Kematian RL seharusnya menjadi alarm keras bagi Pemerintah Kabupaten Gorontalo Utara dan aparat penegak hukum.
PETI bukan hanya persoalan pelanggaran administrasi atau izin pertambangan. Ketika aktivitas tersebut menimbulkan korban jiwa, persoalannya telah menyangkut keselamatan manusia dan dugaan tindak pidana yang harus diusut secara serius.
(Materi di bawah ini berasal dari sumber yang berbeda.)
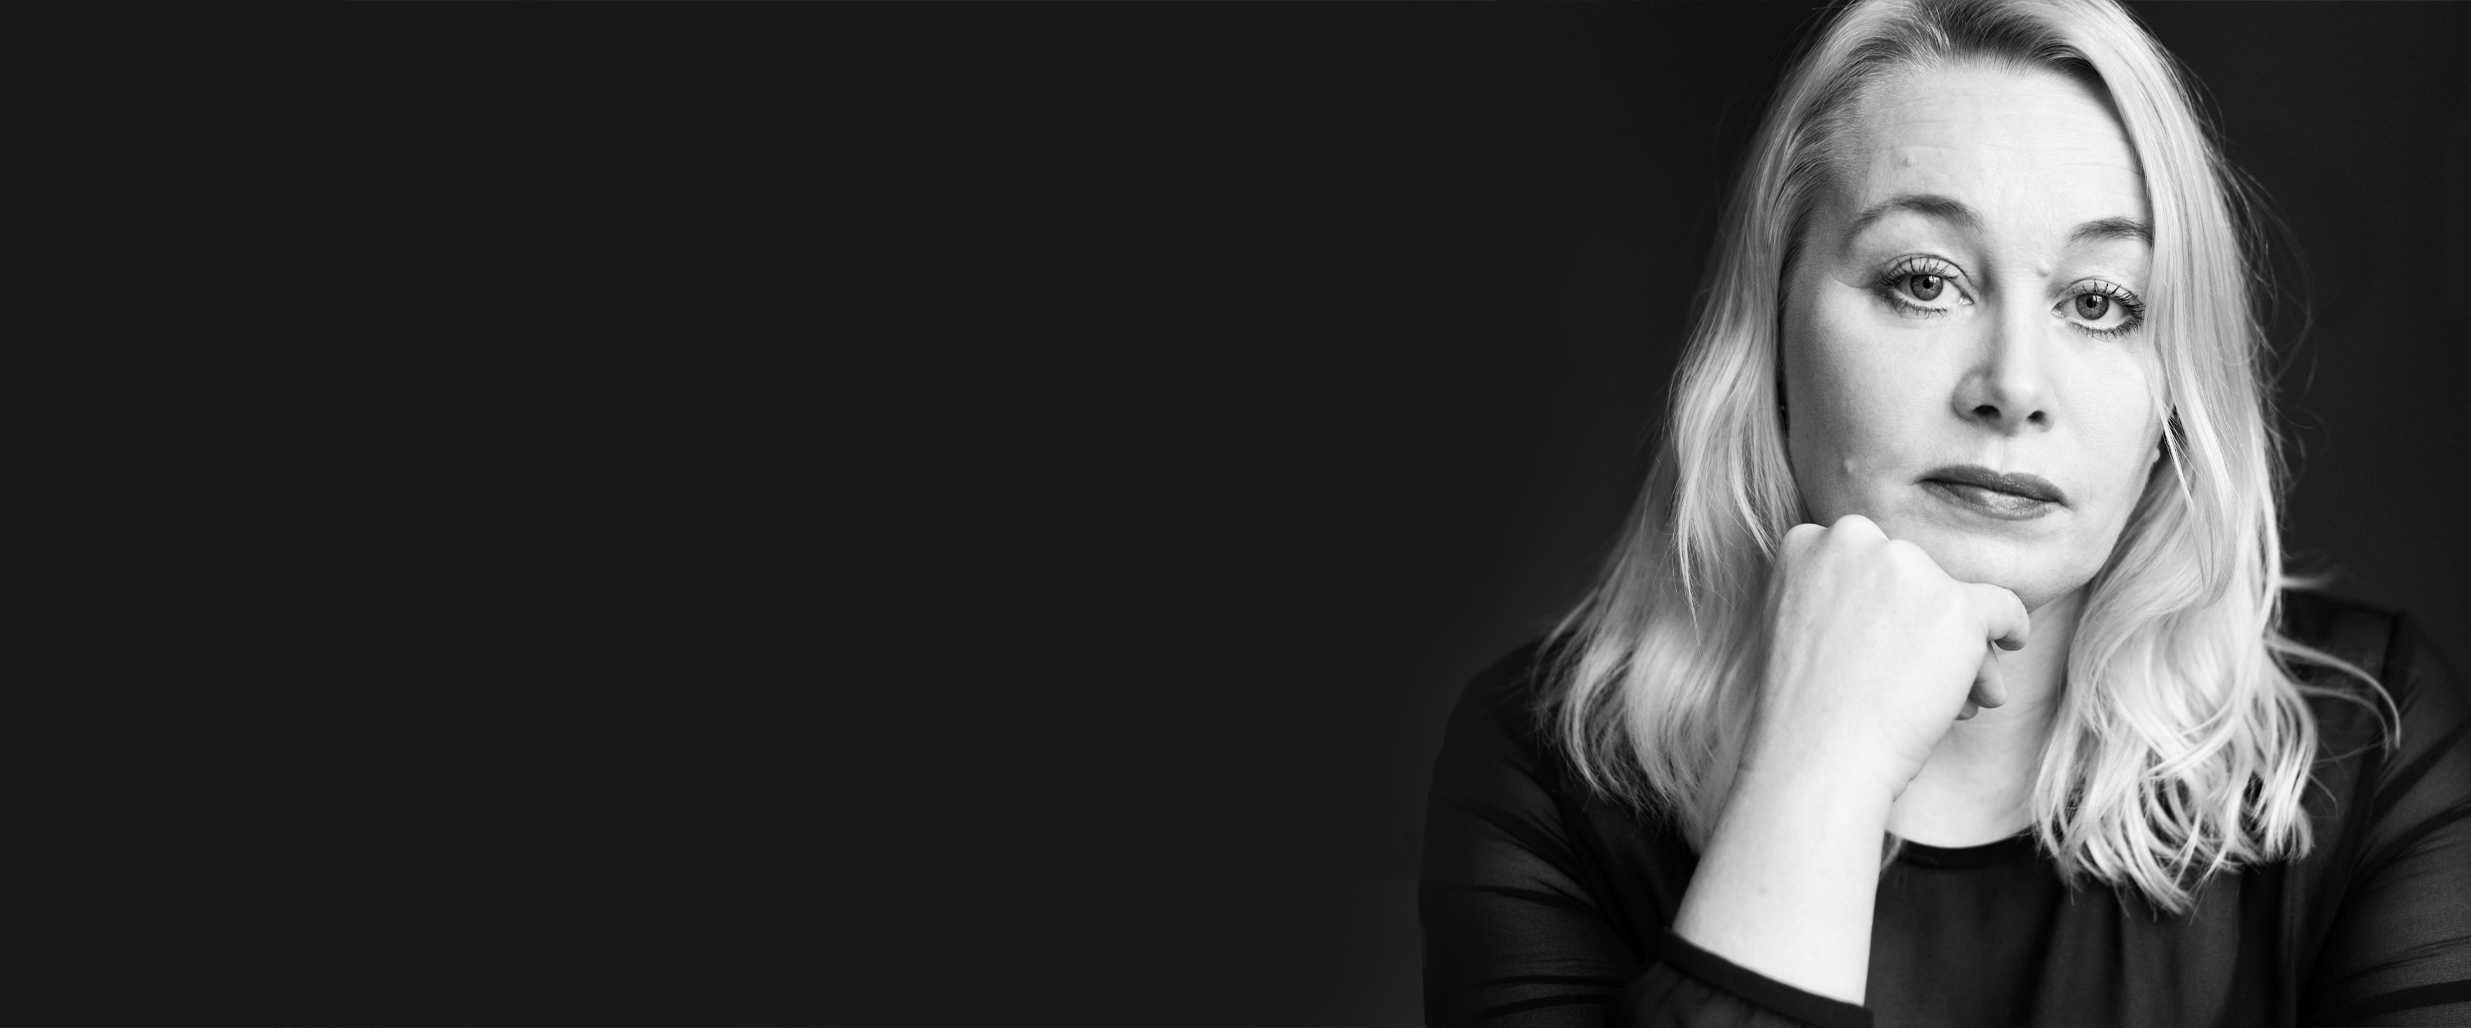 Ann Heberlein i ett svartvitt, allvarligt, porträtt mot en svart bakgrund.

Lebih jauh, masyarakat berhak mengetahui apakah selama ini terdapat pengawasan yang berjalan atau justru terjadi pembiaran.
Jika memang ada pembiaran, siapa yang harus bertanggung jawab?
Jika ada keterlibatan, siapa yang harus diperiksa?
Dan jika ada pihak yang selama ini berada di balik aktivitas PETI, mengapa mereka belum tersentuh?
Pertanyaan-pertanyaan tersebut tidak boleh dikubur bersama meninggalnya RL.
Polda Gorontalo harus menjadikan kasus ini sebagai pintu masuk untuk membongkar aktivitas PETI di Hulawa secara menyeluruh.
Bukan sekadar mencari siapa yang berada di lokasi ketika korban meninggal, tetapi membongkar siapa yang membuat aktivitas tersebut bisa terus berlangsung.
Sebab kalau benar ada pejabat desa yang diduga terlibat, maka persoalannya bukan lagi sekadar tambang ilegal.
Ini sudah menjadi pertanyaan tentang kekuasaan, pengawasan, dan dugaan pembiaran.
Dan publik berhak mendapatkan jawabannya.
Siapa melindungi siapa?
Itulah pertanyaan yang kini harus dijawab oleh proses hukum, bukan oleh rumor.
Sampai seluruh fakta terungkap, dugaan tetaplah dugaan. Namun satu hal pasti, satu nyawa telah hilang, dan kematian RL tidak boleh berakhir tanpa pertanggungjawaban.